TASK REQUIREMENTS. Give the data again in full, without pictures.

COLLECTED MATERIAL.

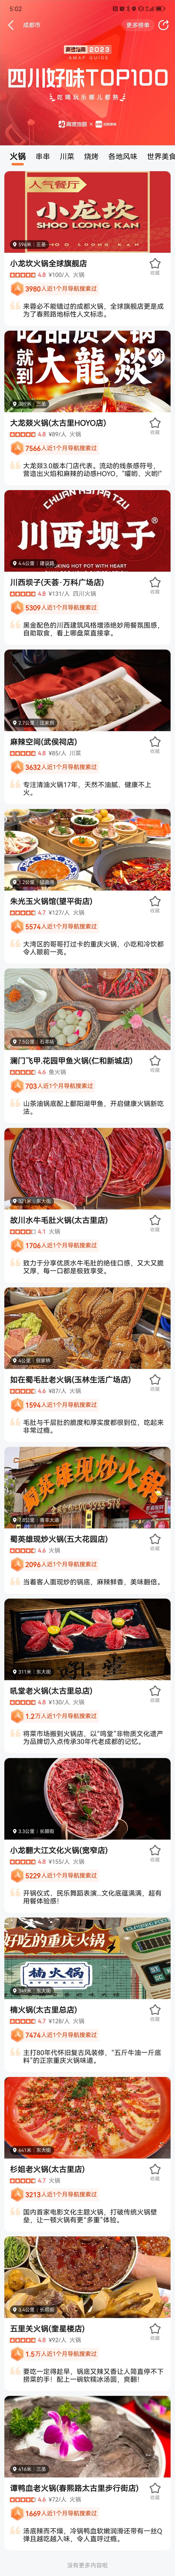 成都美食排行榜_解锁最地道的四川美食成都人最爱吃的100家店都在这里!
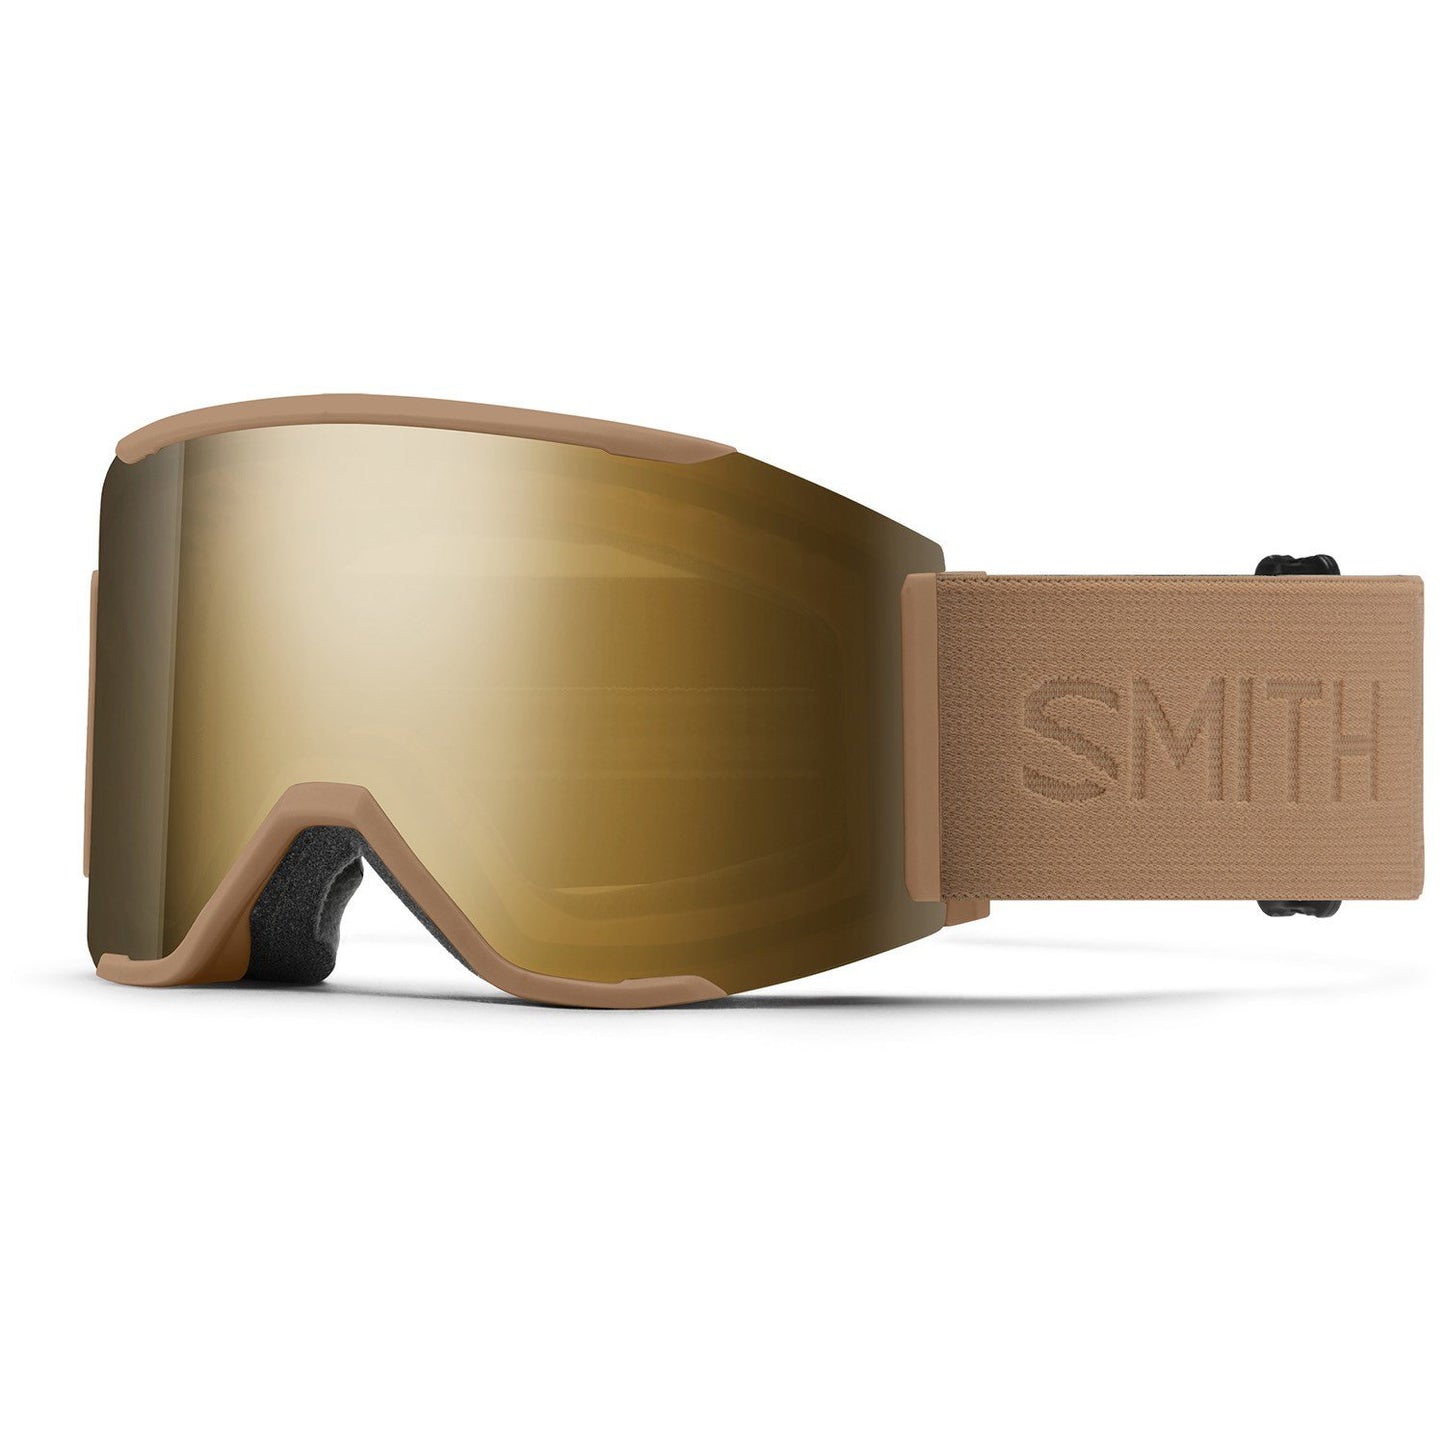 Smith Squad MAG Goggles
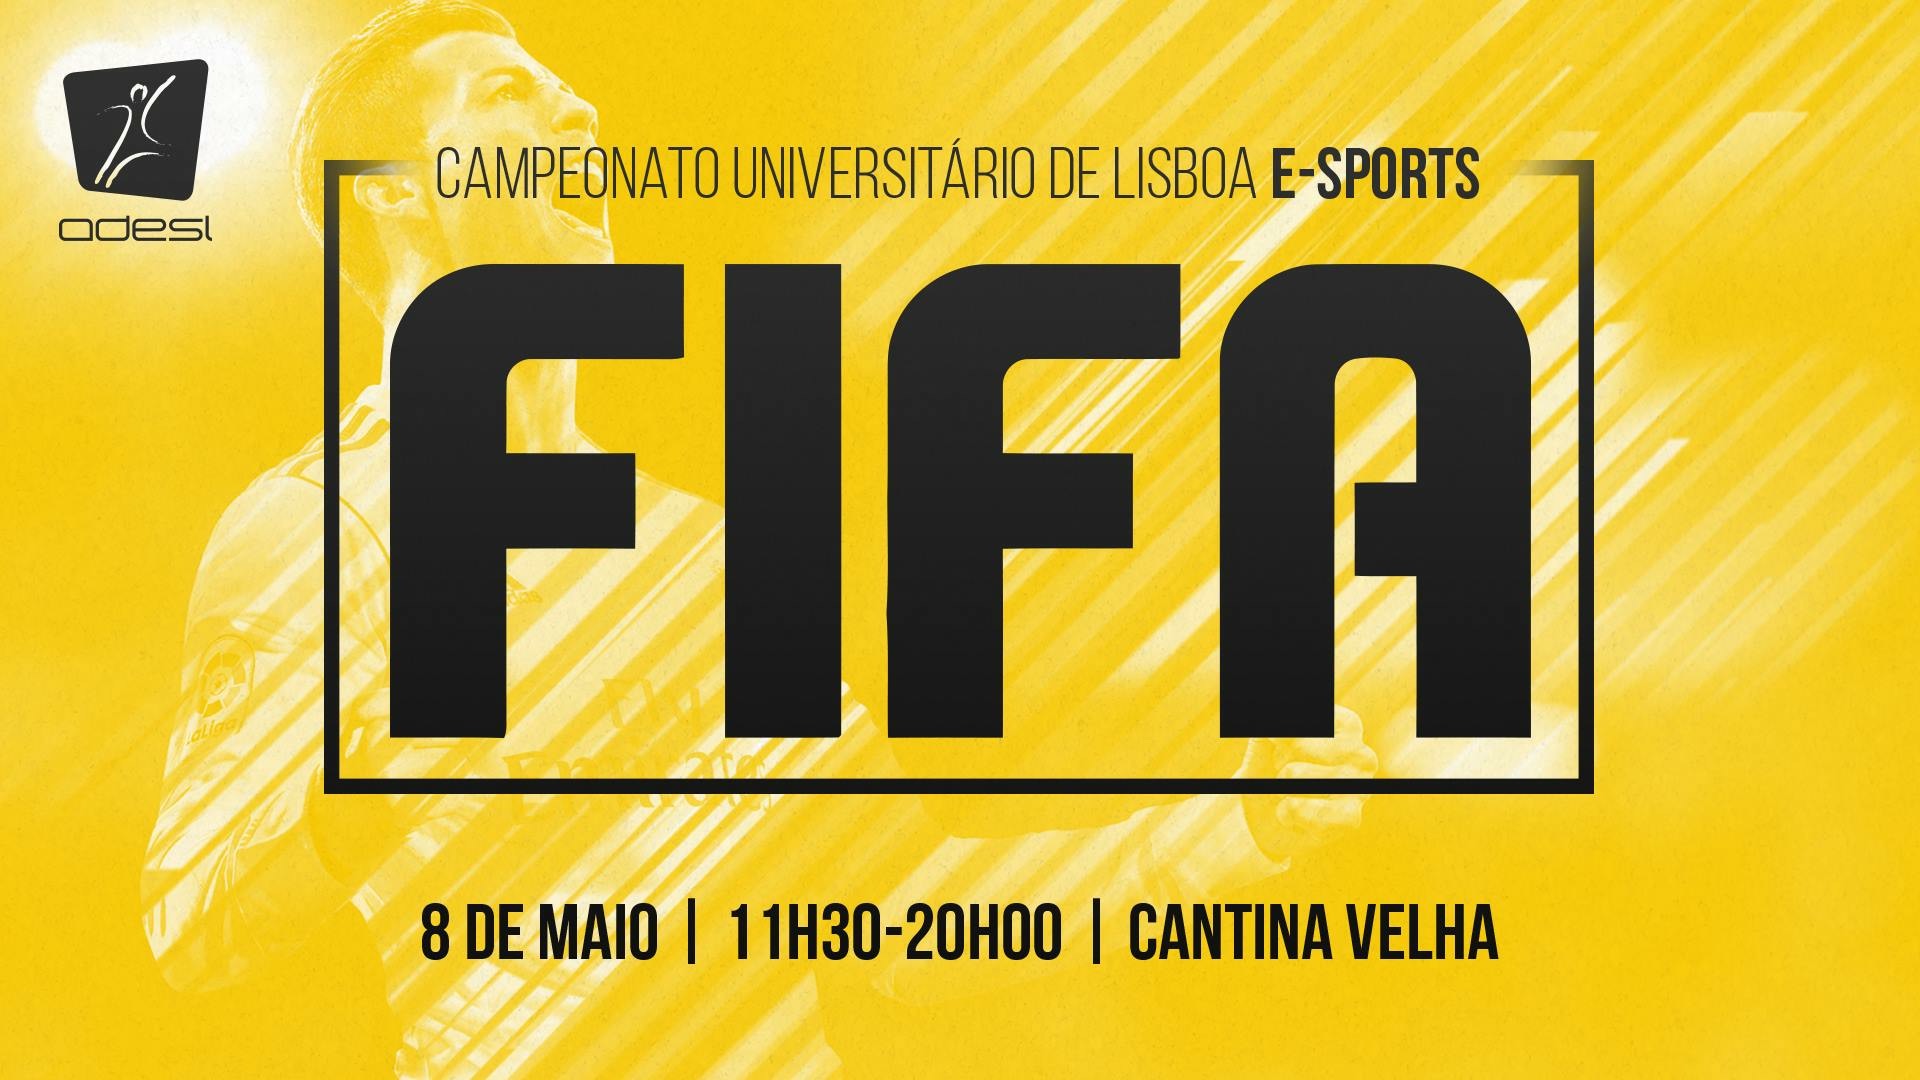 Campeonato Universitário de Lisboa de Esports – FIFA
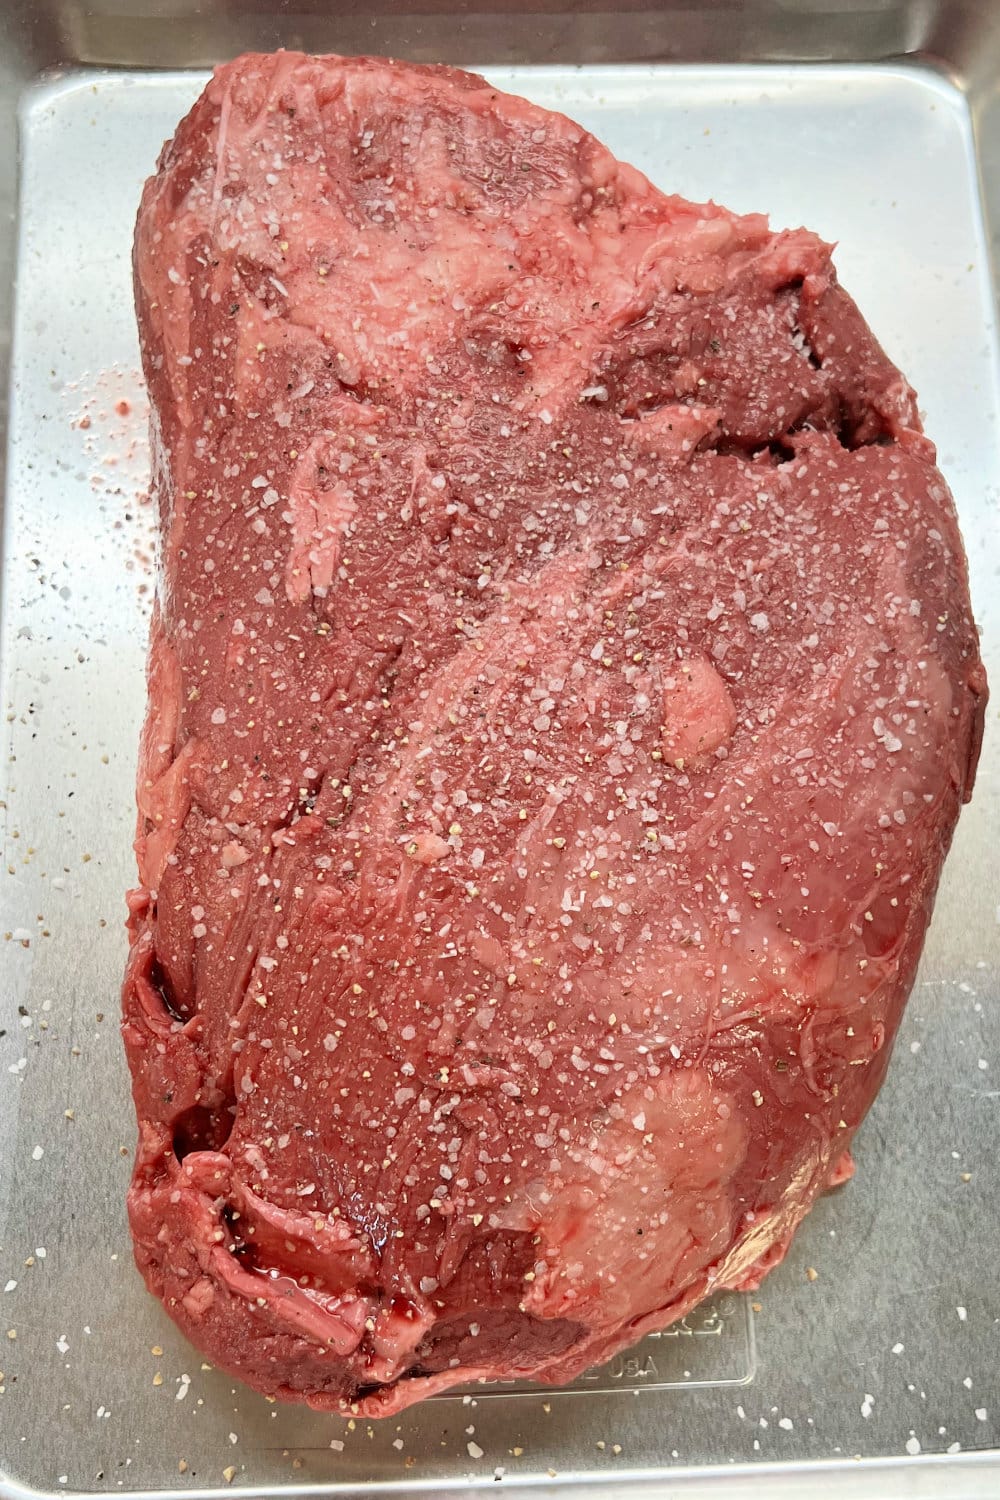 Seasoned beef tenderloin roast, ready to be seared in a skillet.

SOLUTION TO THIS TASK.
 成都美食排行榜_解锁最地道的四川美食成都人最爱吃的100家店都在这里!
 Smith Squad MAG Goggles
 Campeonato Universitário de Lisboa de Esports – FIFA
 Seasoned beef tenderloin roast, ready to be seared in a skillet.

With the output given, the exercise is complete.